* _YOUR OBJECTIVE_
Line by line, repeat the material below exactly and leave the images out.
::: SUPPLIED INFORMATION
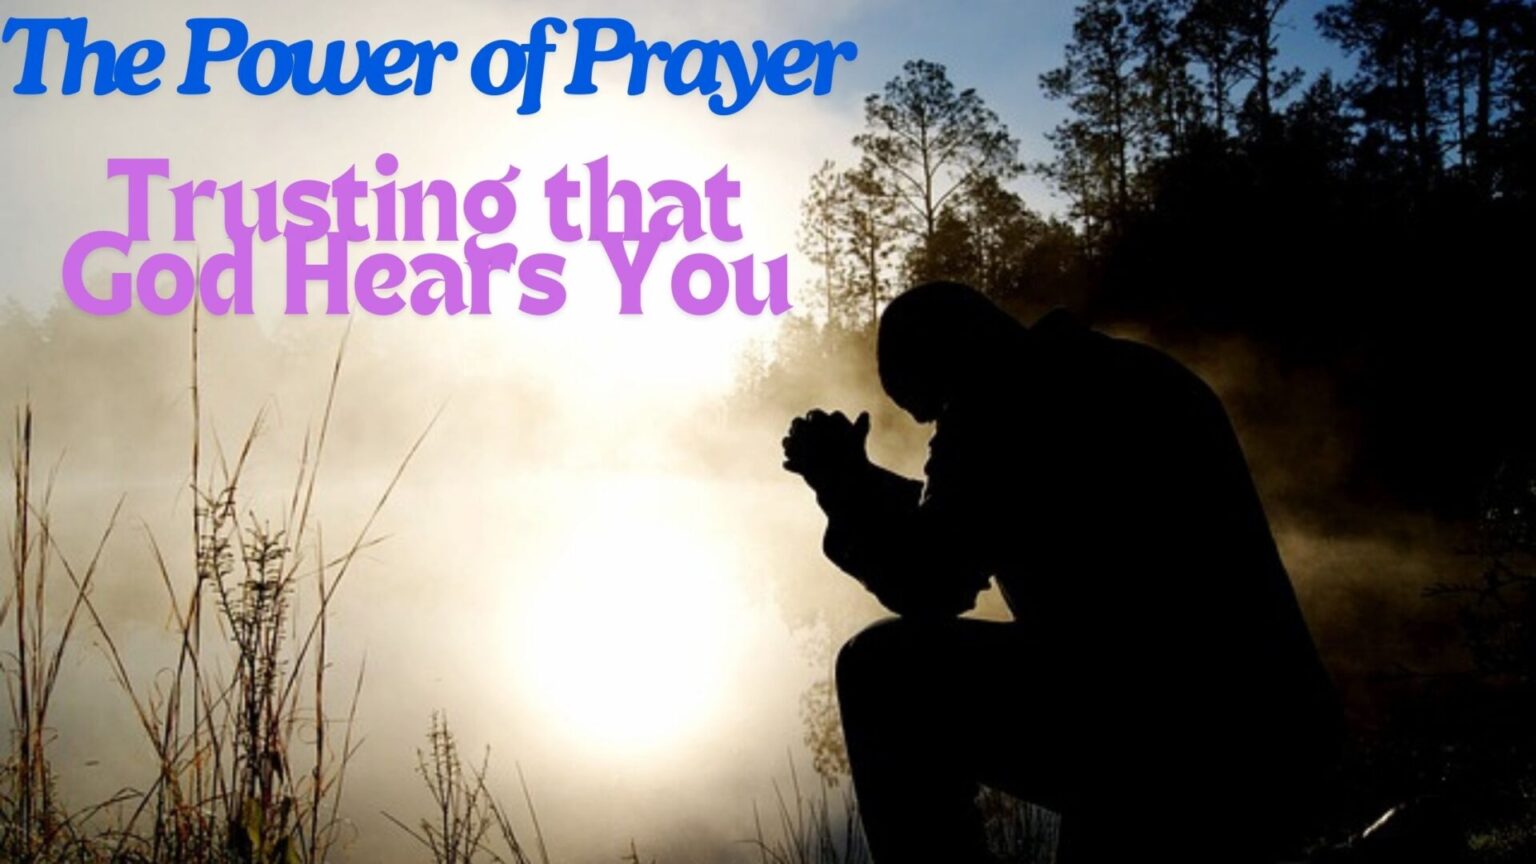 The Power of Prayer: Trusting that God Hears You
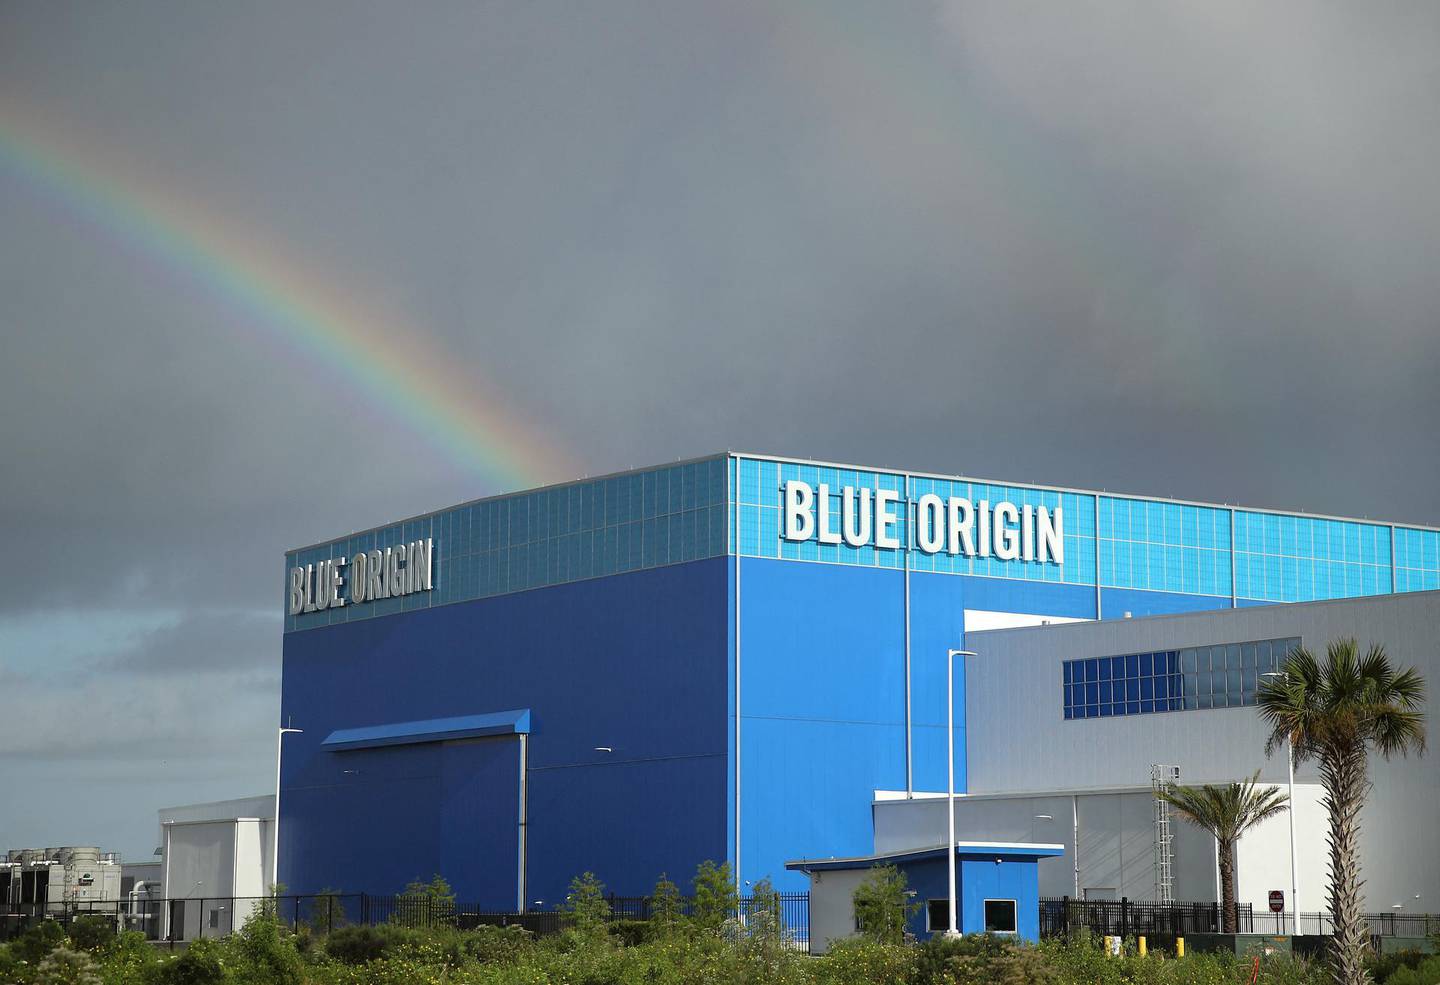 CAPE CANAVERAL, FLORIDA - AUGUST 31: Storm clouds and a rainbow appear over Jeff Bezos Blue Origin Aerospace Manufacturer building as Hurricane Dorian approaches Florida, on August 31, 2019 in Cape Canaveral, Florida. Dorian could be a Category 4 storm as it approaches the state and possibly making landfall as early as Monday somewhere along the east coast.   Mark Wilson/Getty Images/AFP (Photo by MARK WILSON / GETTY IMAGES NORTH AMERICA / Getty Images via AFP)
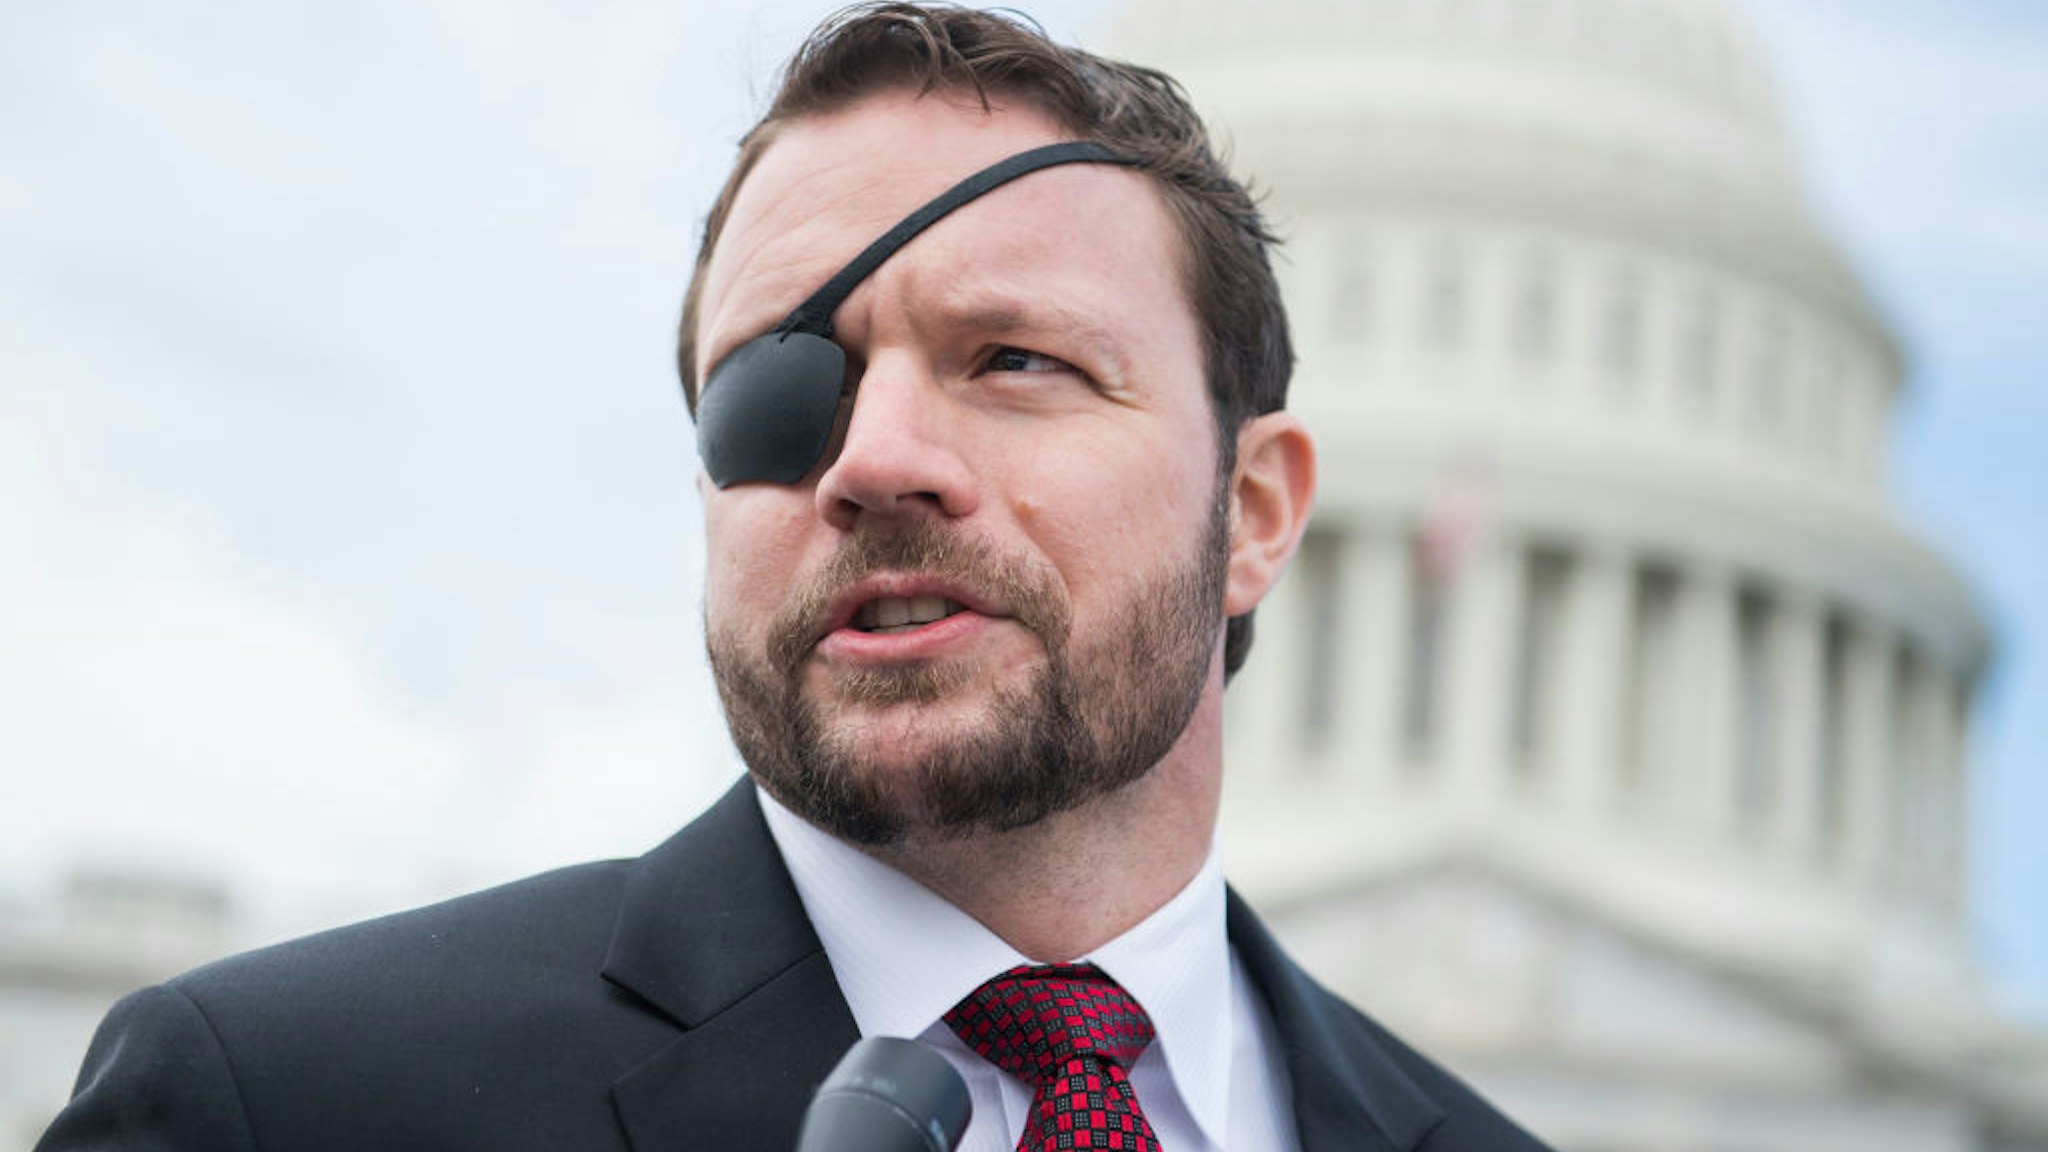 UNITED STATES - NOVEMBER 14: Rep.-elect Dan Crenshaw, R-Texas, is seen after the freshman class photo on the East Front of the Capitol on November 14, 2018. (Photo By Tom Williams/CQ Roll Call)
::::::
* _ANSWER BOX_
 The Power of Prayer: Trusting that God Hears You
 CAPE CANAVERAL, FLORIDA - AUGUST 31: Storm clouds and a rainbow appear over Jeff Bezos Blue Origin Aerospace Manufacturer building as Hurricane Dorian approaches Florida, on August 31, 2019 in Cape Canaveral, Florida. Dorian could be a Category 4 storm as it approaches the state and possibly making landfall as early as Monday somewhere along the east coast.   Mark Wilson/Getty Images/AFP (Photo by MARK WILSON / GETTY IMAGES NORTH AMERICA / Getty Images via AFP)
 UNITED STATES - NOVEMBER 14: Rep.-elect Dan Crenshaw, R-Texas, is seen after the freshman class photo on the East Front of the Capitol on November 14, 2018. (Photo By Tom Williams/CQ Roll Call)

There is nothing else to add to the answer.